WHAT TO WORK ON> Please repeat the whole listing exactly, but leave the pictures out.

SOURCE MATERIAL>
⁂
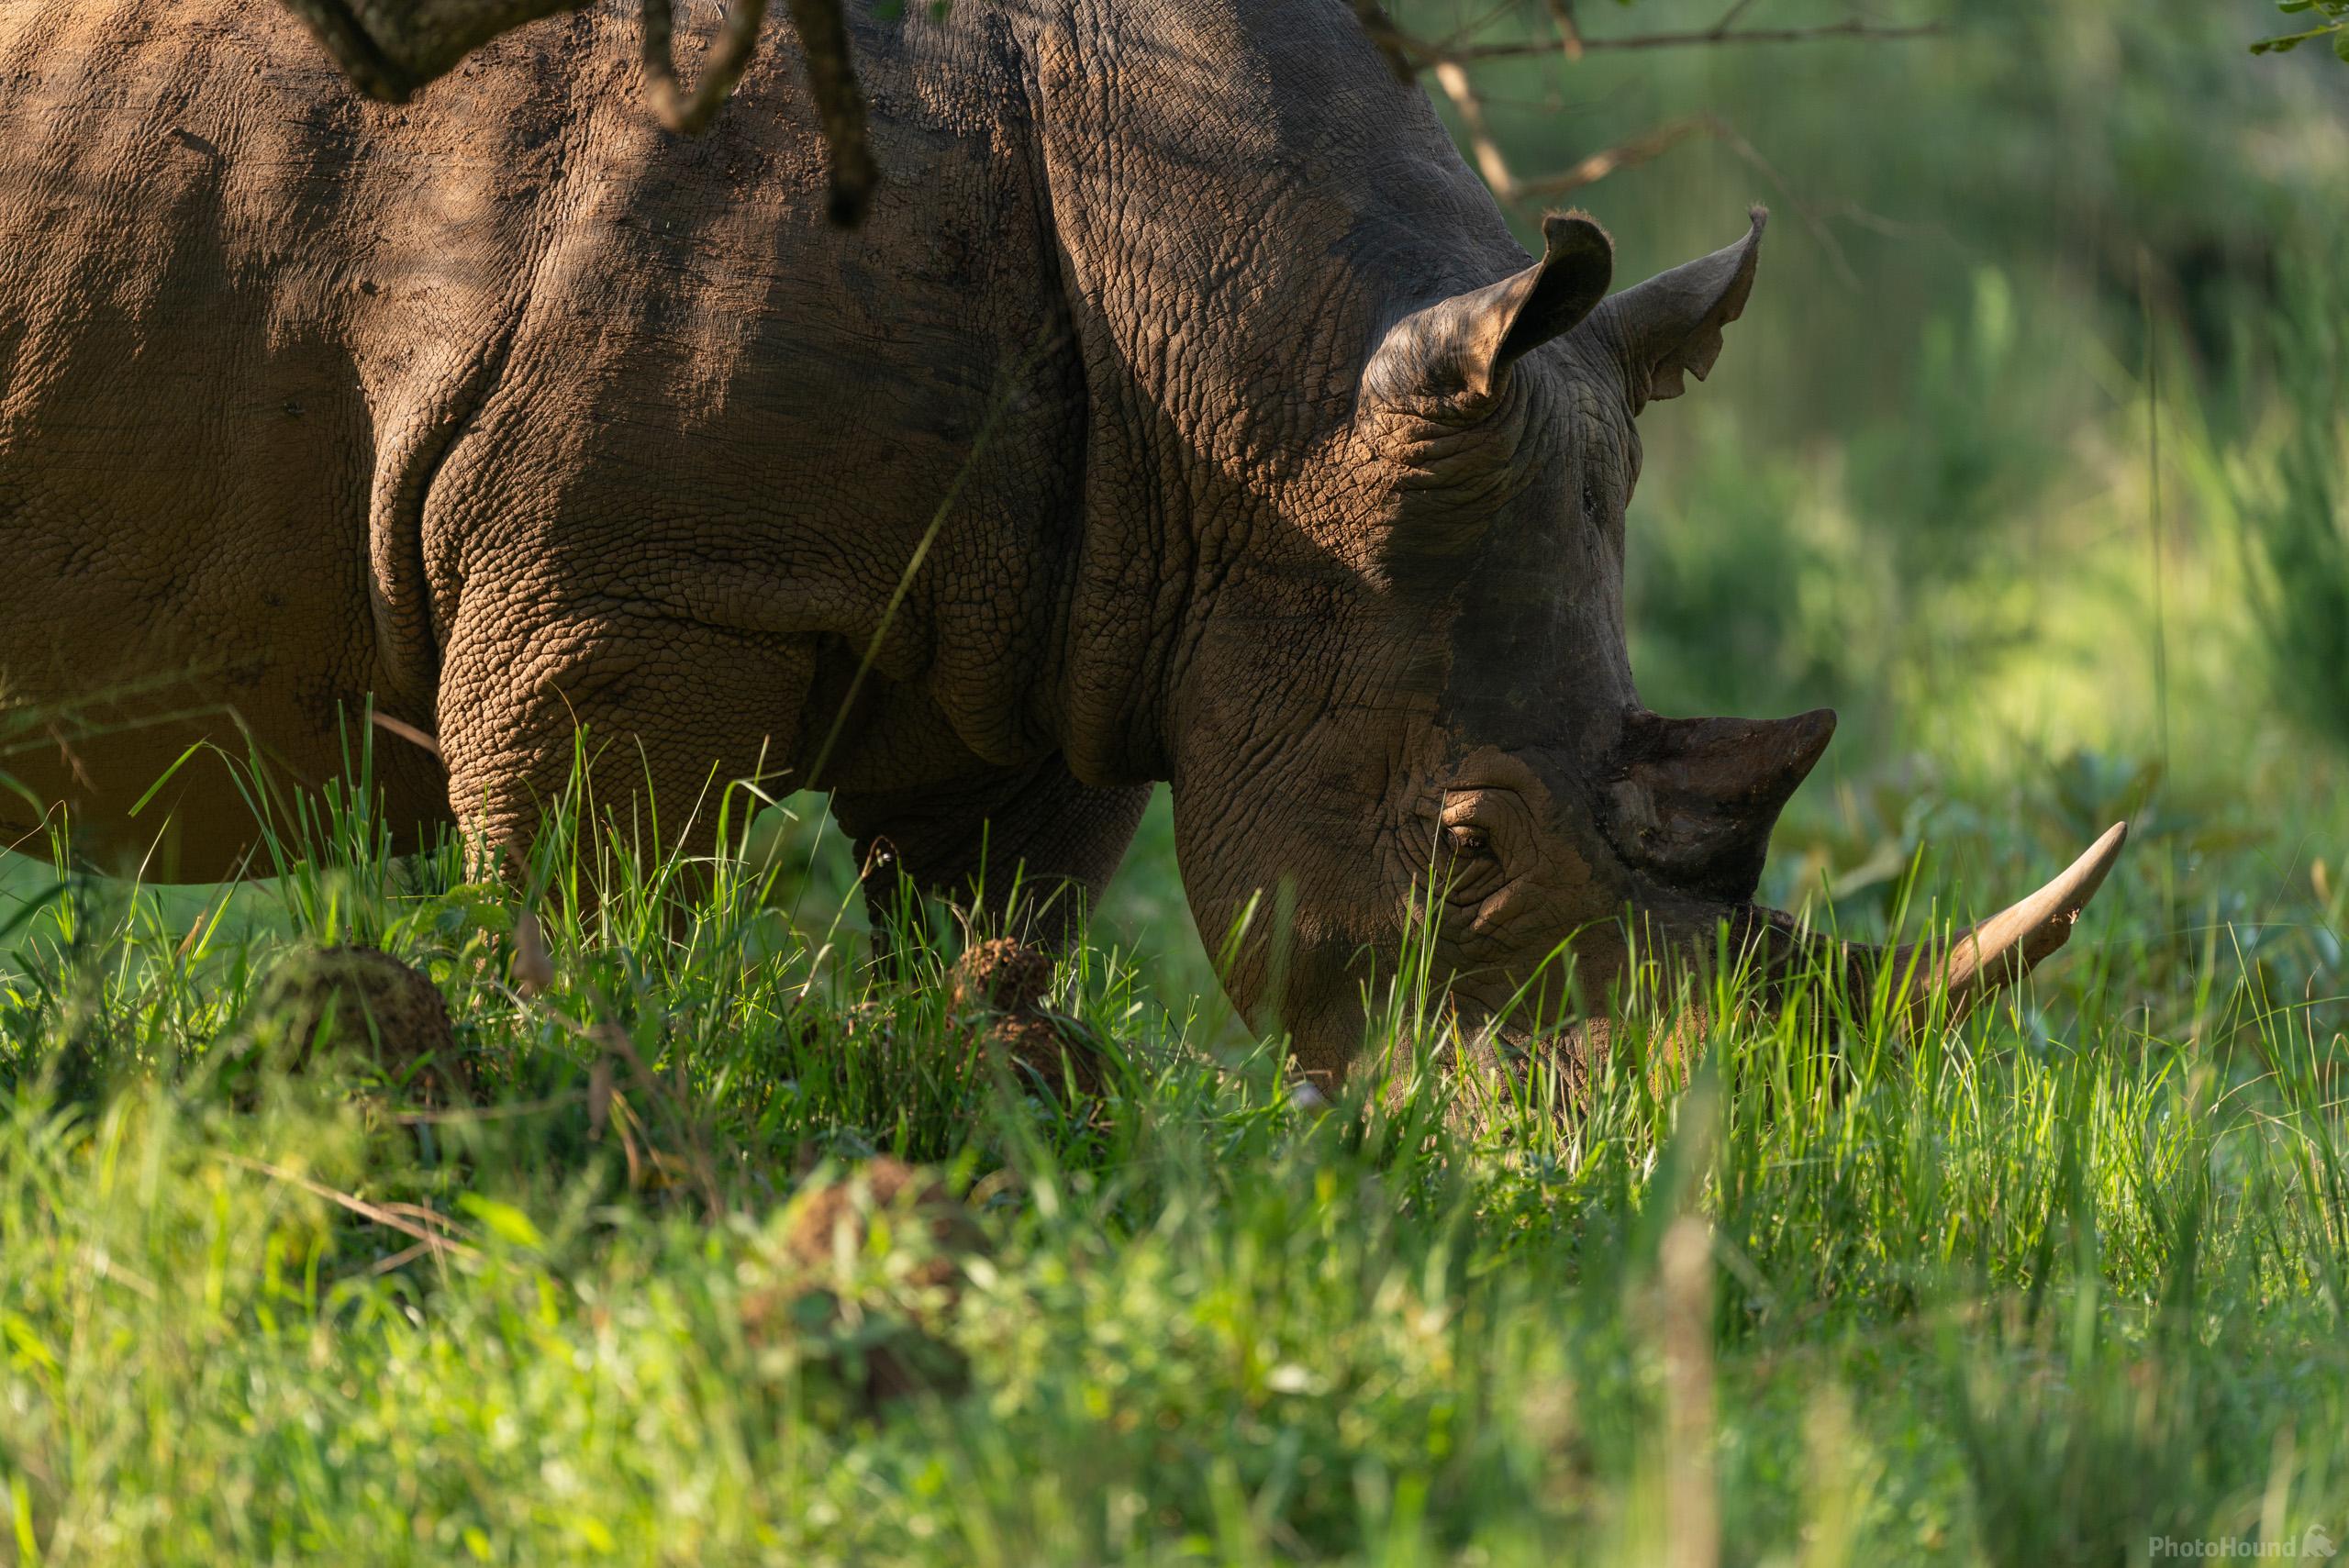 Image of Ziwa Rhino Sanctuary by Luka Esenko
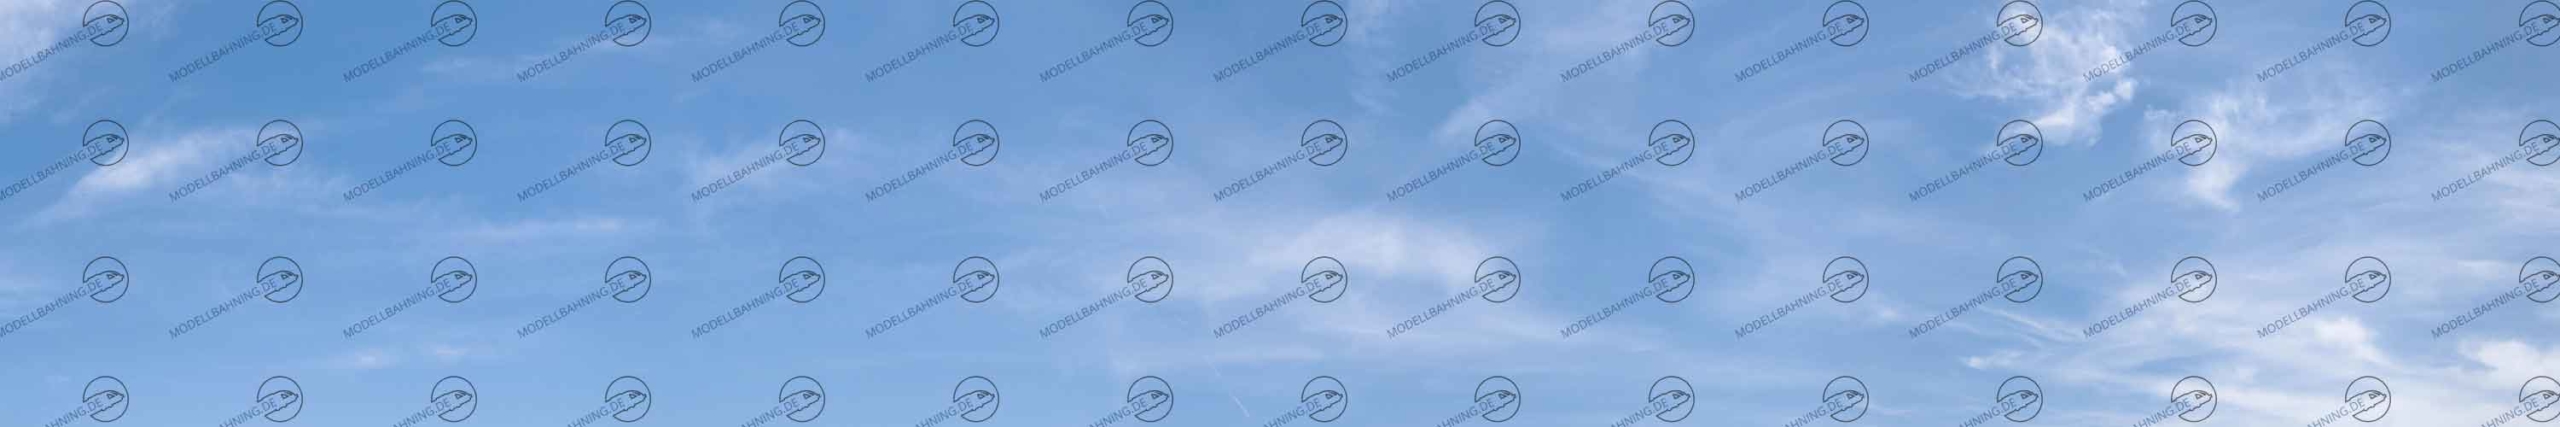 Endloser Himmel Teil 3 – Modellbahn Hintergrund 300cm x 50 cm 5
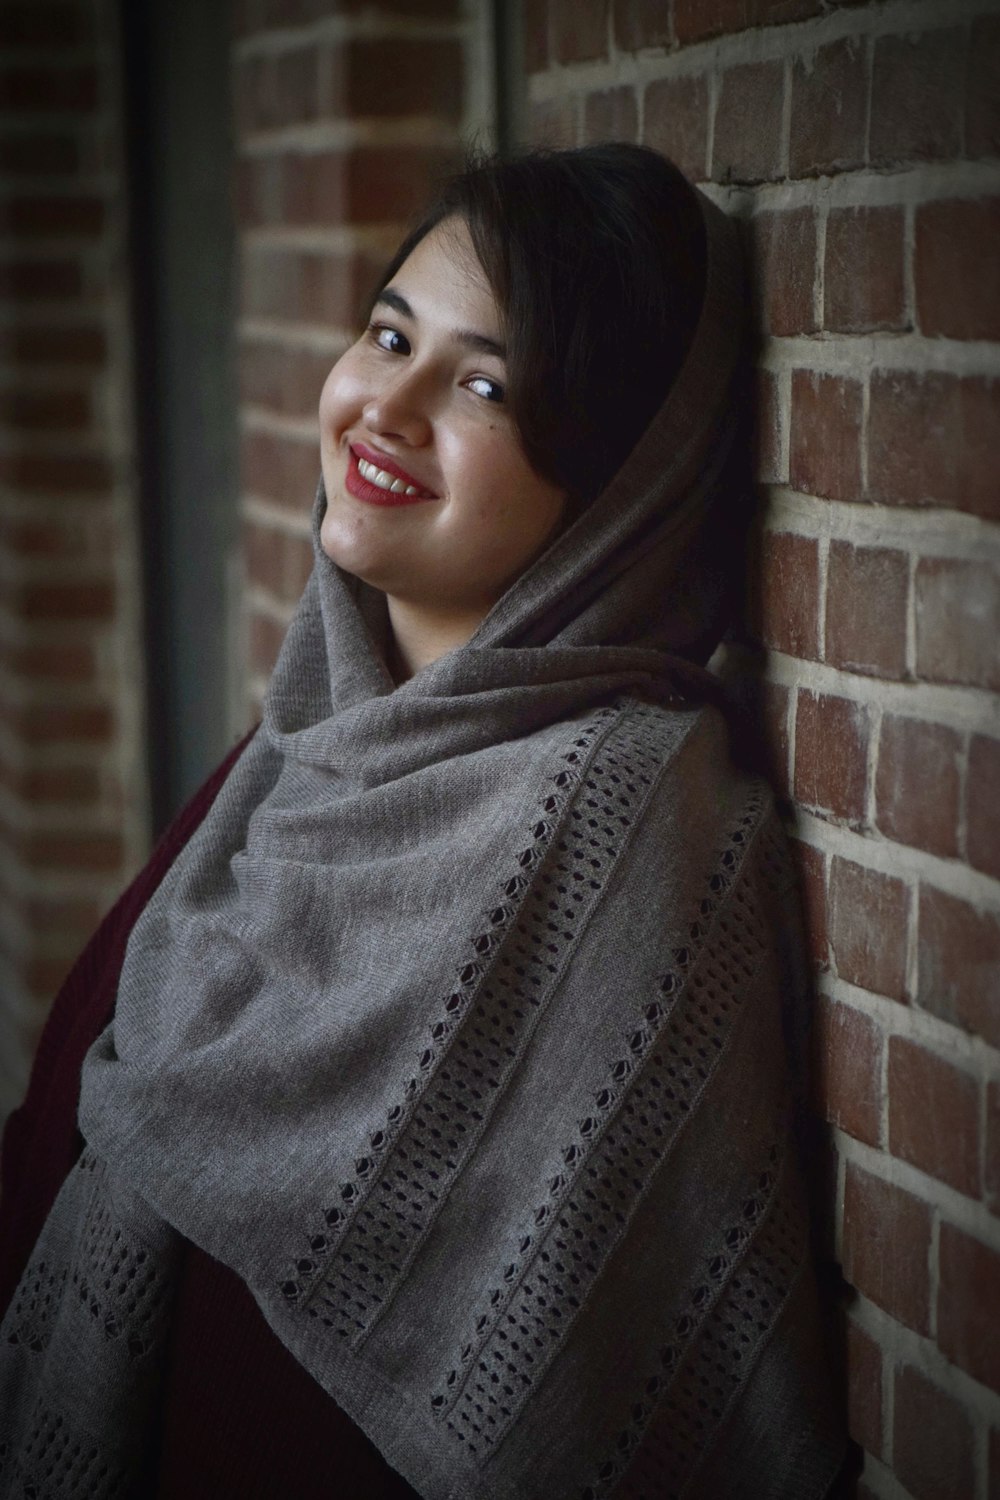 a woman wearing a shawl standing next to a brick wall
⁂
RESPONSE>
 Image of Ziwa Rhino Sanctuary by Luka Esenko
 Endloser Himmel Teil 3 – Modellbahn Hintergrund 300cm x 50 cm 5
 a woman wearing a shawl standing next to a brick wall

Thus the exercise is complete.